Against a bleak backdrop of indebtedness, unemployment, and rapid decline in traditional jobs, along with the non-affordability of the essentials of health and education, 53 percent of the electorate wagered in 2008 that it could deny race by affirming its non-importance and thereby audaciously reinvigorate the exceptionalist narrative.
As the Obama presidency ends, with much to its credit, the vision of a postracial reset that defined its historic debut seems belied by worsening disparities that are almost irrevocably color-coded, by Supreme Court majorities disingenuously mocking African-American and Latino voting rights, by a reborn nativism more virulent than its mid-nineteenth-century parent, and by criminal-justice-system irregularities perceived as outrageous enough to spark corrective uprisings from Ferguson to Staten Island to Baltimore.
It is certain that when this decade ends, it will have confirmed W.E.B. Du Bois’s grim prophecy about America’s everlasting racism. Can historians help, and if so, then how do we answer the Chernyshevskian question—what is to be done? In Black Is a Country: Race and the Unfinished Struggle for Democracy, New York University historian Nikhil Pal Singh asks, “What if the political lesson of the long civil rights era is that we advance equality only by continually passing through a politics of race and by refusing the notion of a definitive ‘beyond’ race?”
Moderately good news are those definite signs of a historical revisionism that upends the hoary master narrative of Herrenvolk democracy, its Jeffersonian laissez-faire matched with Hamiltonian finance, its unrivaled industrial takeoff, its robust middle classes gloriously replenished by hardworking immigrants, its eschatology of white merit.
For too long, we have looked in the wrong place and race for the genesis of the American story, as Craig Steven Wilder’s rum-and-sugar archaeology of the Ivy League (Ebony & Ivy: Race, Slavery, and the Troubled History of America’s Universities) documents; as Parkman laureate Danielle Allen’s troubling parsing of the Declaration of Independence (Our Declaration: A Reading of the Declaration of Independence in Defense of Equality) suggests; or as Walter Johnson’s grim, close look at capitalism and slavery in the trans-Mississippi (River of Dark Dreams: Slavery and Empire in the Cotton Kingdom, Mr.
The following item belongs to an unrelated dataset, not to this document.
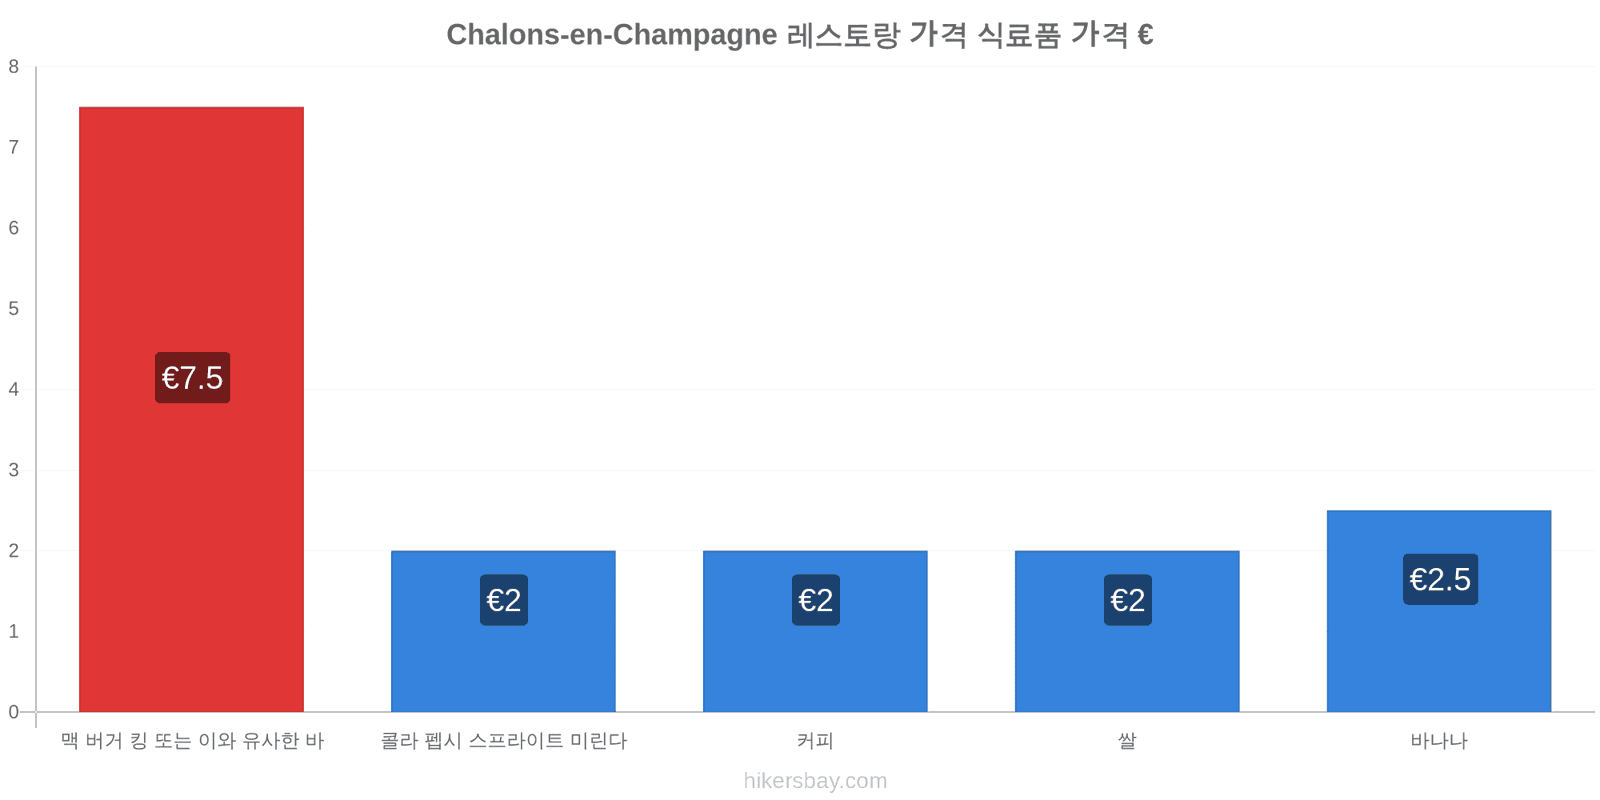 Chalons-en-Champagne 가격 변동 hikersbay.com

Jefferson’s soi-disant “empire of liberty”) reveals.
Sven Beckert’s Bancroft Prize monograph, Empire of Cotton, brings things into sharper focus, because cotton, as he rightly says, is “the story of the making and remaking of global capitalism and with it of the modern world.”
With Edward Baptist’s The Half Has Never Been Told: Slavery and the Making of American Capitalism, we may have arrived by way of Eric Williams, David Brion Davis, James Oakes, and others of the profession’s vanguard at the frontier of a new meta-narrative that upends exceptionalism. If that proves accurate, we will comprehend how the institution of American slavery functioned as a vast, efficient concentration camp, from which flowed the enormous wealth that made the industrial North possible and the surplus capital upon which the commercial and industrial paramountcy of New York and Philadelphia were built. This is the dreadful reality of a vaunted national success story that is inconceivable without the constitutionally justified and enforced indispensability of 4 million black lives that mattered.